The record date for the fourth-quarter dividend is March 8, 2010 and payment will be made on March 18. [March 18 is the correct payment date - the previously-published date of March 15 is in fact the strike price date for the dividend reinvestment scheme]. The company’s dividend reinvestment scheme is in place for the dividend and the discount rate for shares issued under the scheme remains at 2.5 percent.
PFI’s annual independent portfolio revaluation as at December 31, 2009 (following an earlier valuation review to June 30) has resulted in an unrealised net reduction in portfolio value of $28.371 million or 7.67 percent over the 12 months. The valuation reduction is unrealised and does not impact the company’s contracted revenues or the profit available for distribution to shareholders.
The unrealised portfolio revaluation loss, along with other NZ IFRS non-cash adjustments such as unrealised gains in the fair value of interest rate swaps and deferred taxation, means that PFI recorded a full-year loss after tax and unrealised losses of $12.514 million for 2009, compared with a loss on a similar basis of $31.912 million the previous year.
PFI’s gearing ratio (debt to total assets) at balance date, taking into account the revaluation, the sale of three properties during 2009 and the acquisition of a $22 million Mt Wellington distribution centre in December, was 33.2 percent.
Net tangible assets per share (NTA) reduced from its December 31, 2008 value of $1.24 per share to $1.10.
Commenting on the year’s portfolio highlights, Mr Blackmore said the company’s rent review programme for 2009 is complete and has generated additional annual contract income of $448,000. The average increase of 6.36 percent equates to 2.65 percent compounding annually over the average 2.36-year review period.
Of the 16 leases expiring during 2009, the existing tenants had either extended their lease terms or new tenants had been secured.
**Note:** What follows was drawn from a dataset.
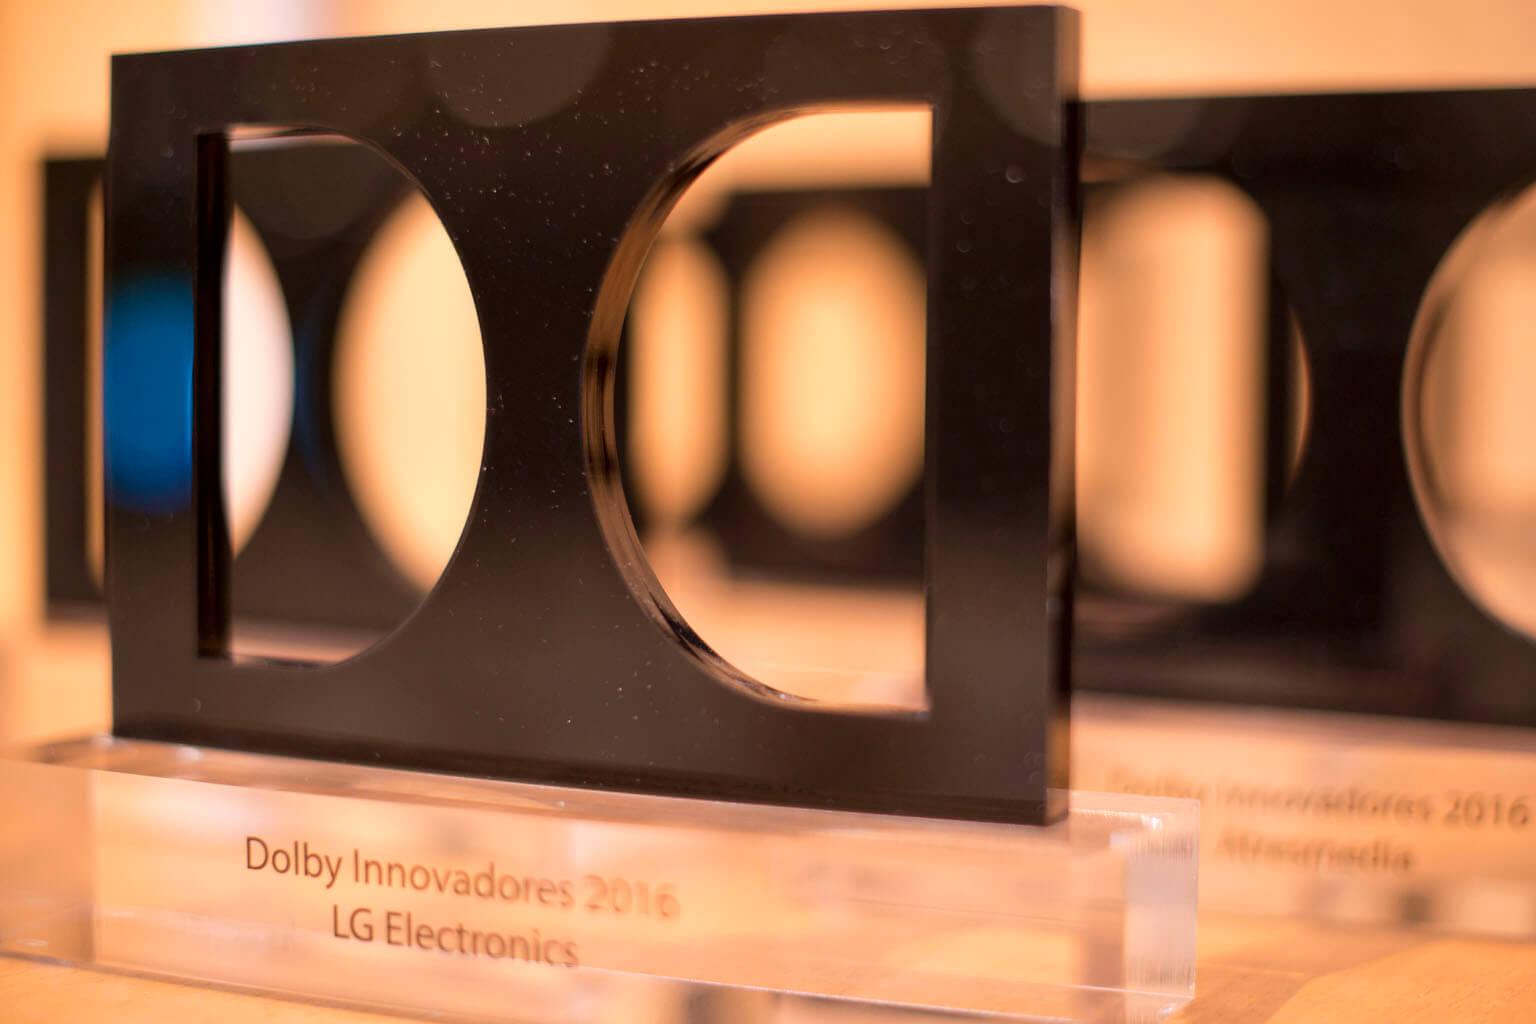 Galardones Innovadores de Dolby

“Over the past 12 months, PFI has welcomed 18 new tenants to the portfolio,” said Mr Blackmore. “The latest is communications equipment importer and distributor Atlas Gentech (NZ) Ltd, which has taken an new eight-year lease at 76 Carbine Rd, Mt Wellington. This property will be extensively refurbished.”
PFI’s development programme also continues successfully. Following on from the three new projects completed in 2009, PFI has recently committed to a $7 million project for Dunlop Living Ltd (see image below) at Stage 2 of the company’s Peninsula Business Park in Avondale. Stage 2 is currently leased to a longstanding tenant until mid-2011 and this project deals with two-thirds of that lease expiry, 18 months in advance.
PFI shareholders will be aware that the Government is considering intended changes to the New Zealand tax system, some of which will affect the property sector. If implemented, these changes are anticipated to have a negative effect on the company’s distributable profit.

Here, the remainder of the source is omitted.